Maithripala as prop and pin-up

We don't know if everyone who voted for Maithripala actually believed that Parliament would be dissolved in late April, i.e. when the much talked of and now hardly ever mentioned ‘100 Days’ came to an end.  We don’t know if everyone who voted for Maithripala thought that he was capable  of or interested in seeing electoral reform through (and, the Right to Information Act, Code of Conduct for MPs and other things that would have actually meant ‘real change’).  We do know now that politicians of all hue knew that there would be elections, even if Parliament was not dissolved on the schedule printed in Maithripala’s manifesto.  

This is why we’ve seen many worthies who ridiculed Mahinda Rajapaksa for his in-your-face, laughing-at-us cut-outs shedding all embarrassment to emulate that poster boy.  Nominations have not closed.  The parties haven’t picked candidates.  But it looks like many have picked themselves as worthy of nomination and election.  

Walls, poster-free for a long time, are tasting paapppa once againAnd once again we have faces laughing at us at every turn.  Some are known names. Some have been in Parliament or have been elected to lesser office.  Some haven’t been elected but have contested often enough to enjoy some name-face recognition. Some are known in other circles.  Some are unknown.  

But known or unknown they’ll soon be fighting each other for every square inch of city space.  We are in for a lot of in-your-face stuff folks. We can be assured that from all these walls and from hoardings that look down at us there will be smiling faces, laughing at us, and even though they are stuck in the inevitable silence of two-dimensional depiction, if we look hard enough and listen carefully, we will hear them whisper, all of them whisper, ‘suckers!’  

All this, par for the course in electoral policies.  The maithreepaalanaya hasn’t succeeded in changing such things.  We are used to it. We live with it.  
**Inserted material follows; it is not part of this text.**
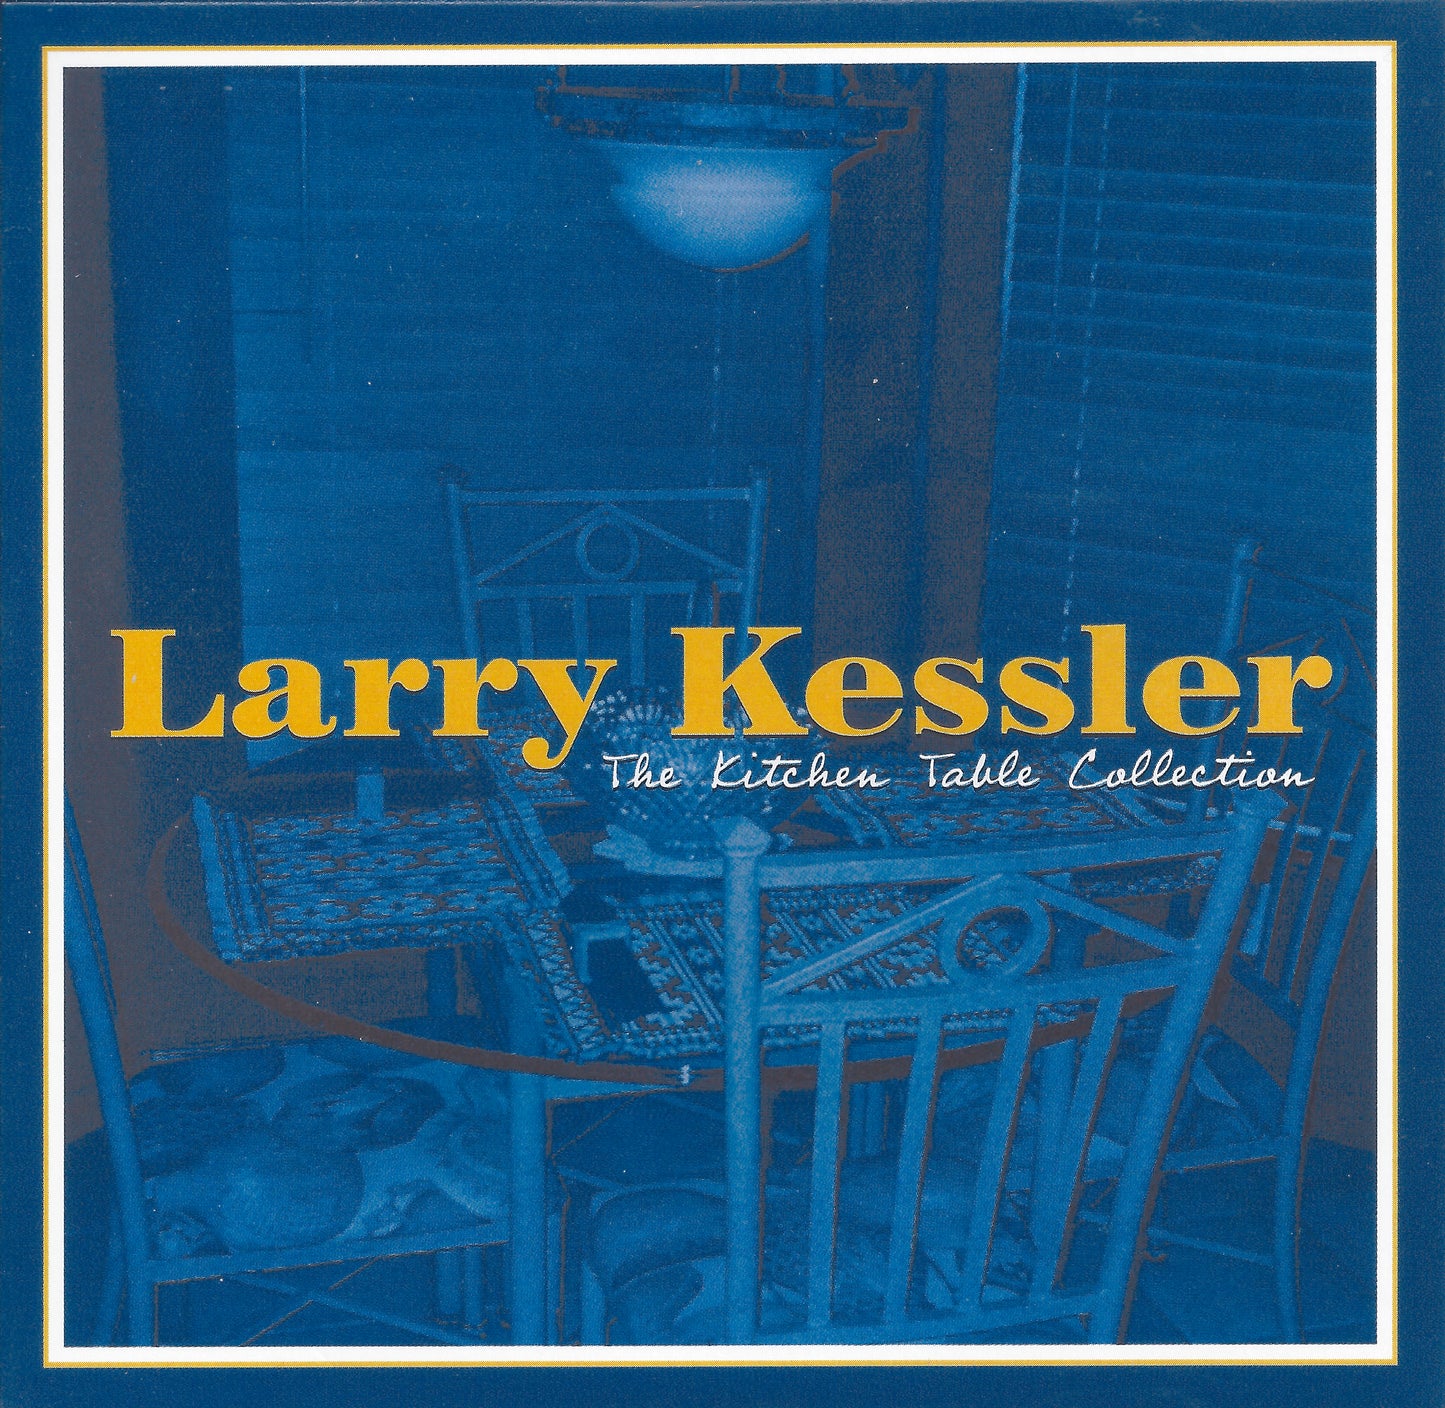 Next Time -Larry Kessler

What’s interesting (and funny!) is the fate of the President.  Perhaps it is to be expected for parliamentary hopefuls to piggy back on big names.  During the previous regime even politicians contesting local government bodies piggybacked on Mahinda Rajapaksa.  But what we have today is different.  It is one thing to piggyback on a man who secured some 6.2 million votes, but quite another to play on his identity-confusion.
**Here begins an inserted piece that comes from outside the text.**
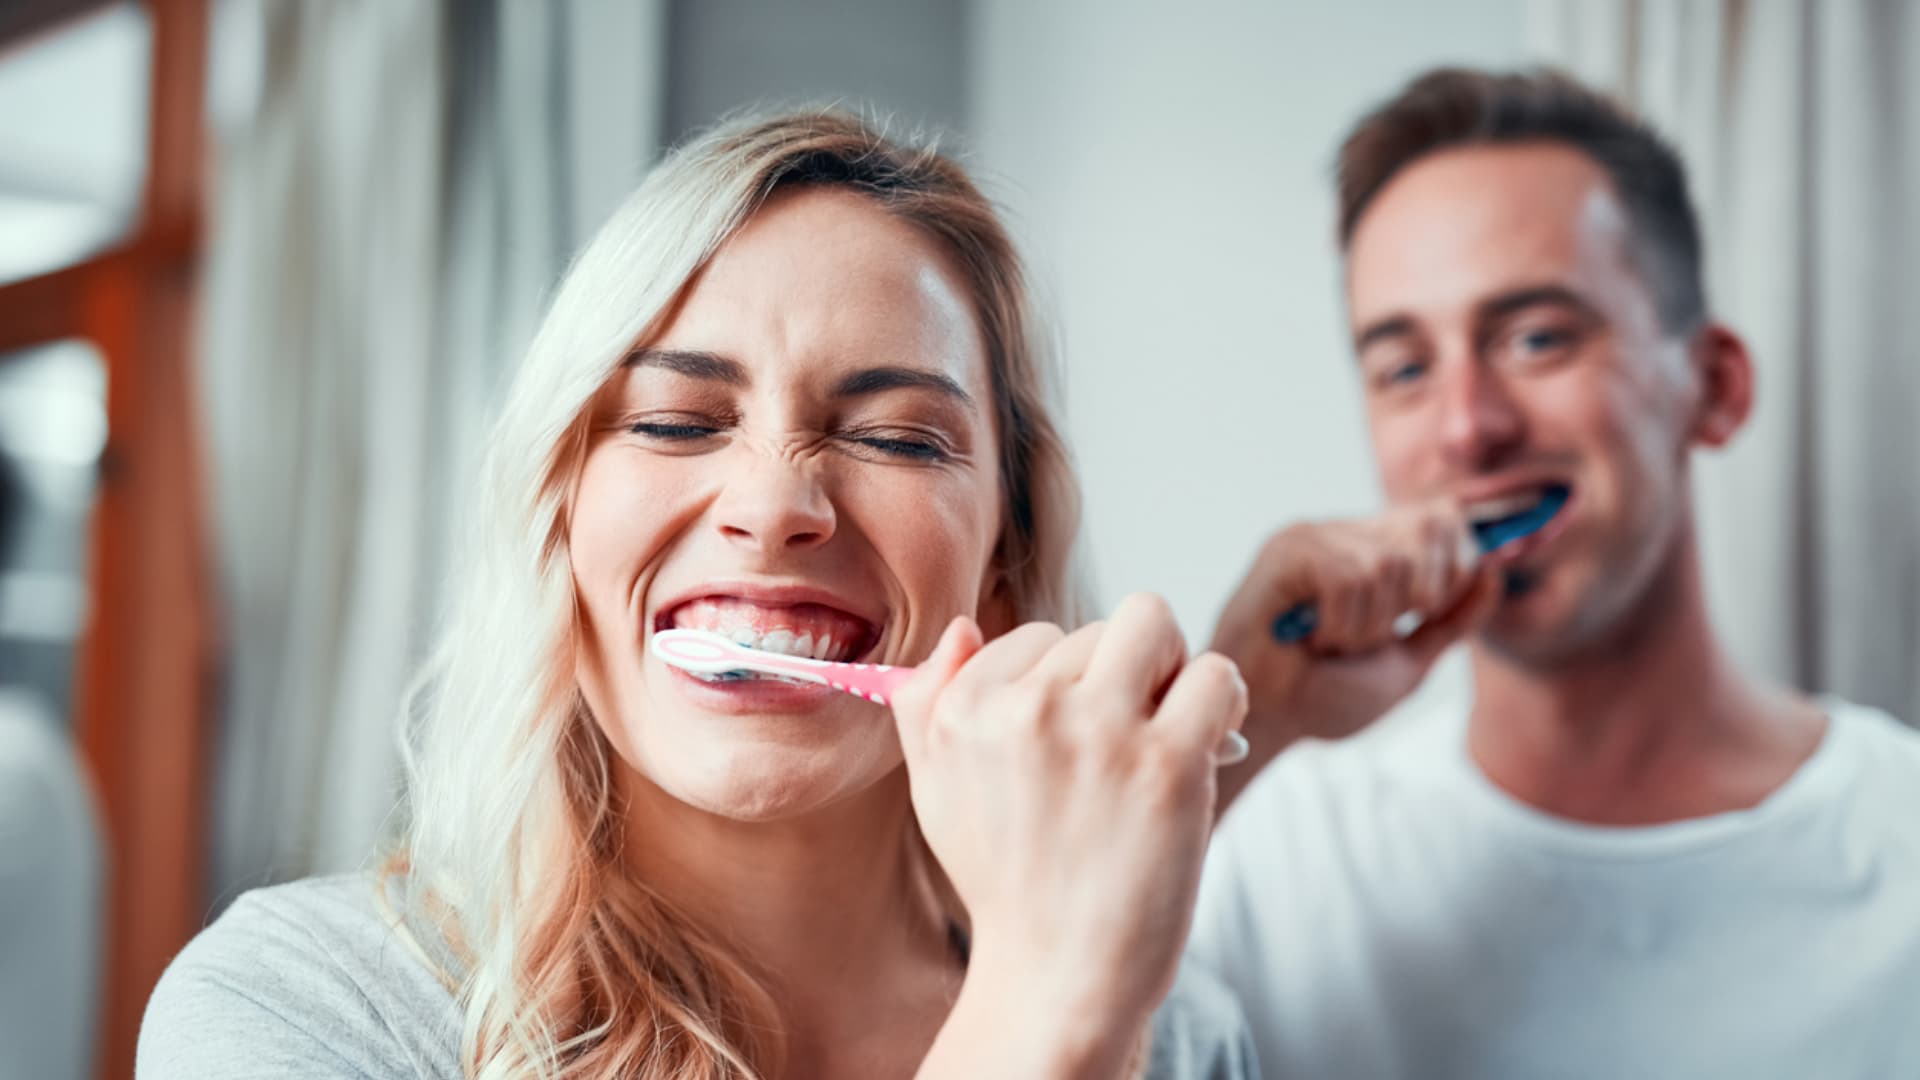 Víte, jak si nejlépe čistit zuby? Podle lékaře je pro každého postup individuální, stejně jako vybrané pomůcky.

Maithripala Sirisena, obviously, was not the darling of the SLFP towards the end of 2014.  He was the UNP’s darling.  Indeed, he himself would acknowledge that he owes the UNP much and that while he owes the party for the success of much of his long political journey, he can say with conviction that owes it nothing for the tail-end victory.  
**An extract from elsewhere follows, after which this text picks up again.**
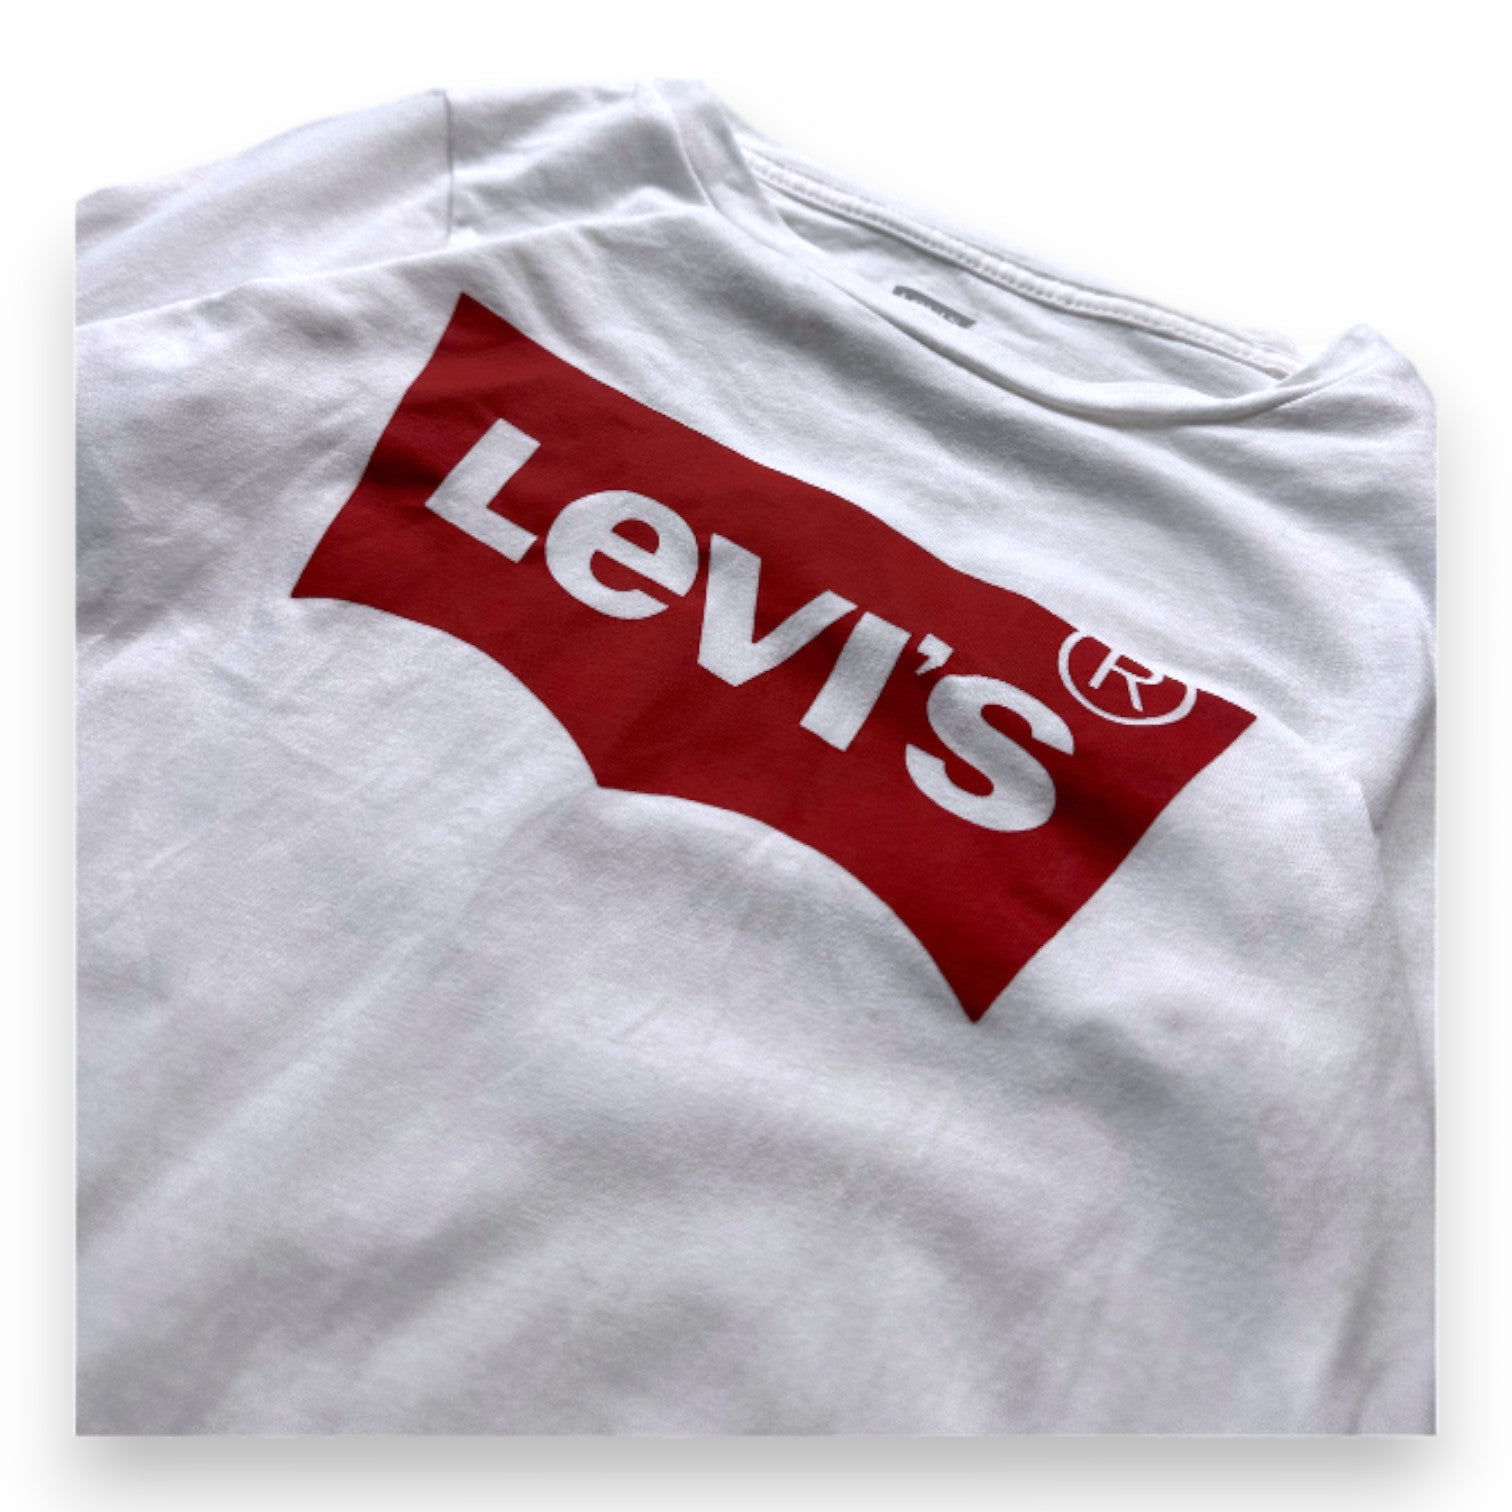 LEVI'S - T-shirt à manches longues blanc avec imprimé "Levi's" - 8 ans

The problem is that post-January 8, 2015 he returned to the SLFP, was made leader and therefore is responsible for the political future of that party, regardless of his gratitude to Ranil Wickremesinghe and the UNP.  He is a blue-man now, even if he was multi-colored then.  This is why it is funny that Maithripala Sirisena is appearing in what are clearly election-targeted hoardings put up by UNP candidates or rather candidate wannabes.  There’s a mugshot of the man, one of Ranil Wickremesinghe and there’s Maithripala Sirisena.  All laid out upon a UNP-green backdrop.  


Yes, he is now prop.  A presidential prop, if you will.  A pin-up boy.  And his political future and place in history will be marked by whether or not he can step out of hoarding and color, refuse to be prop and pin-up, for reasons other than refusing to be in-your-face-and-laughing the way Mahinda was.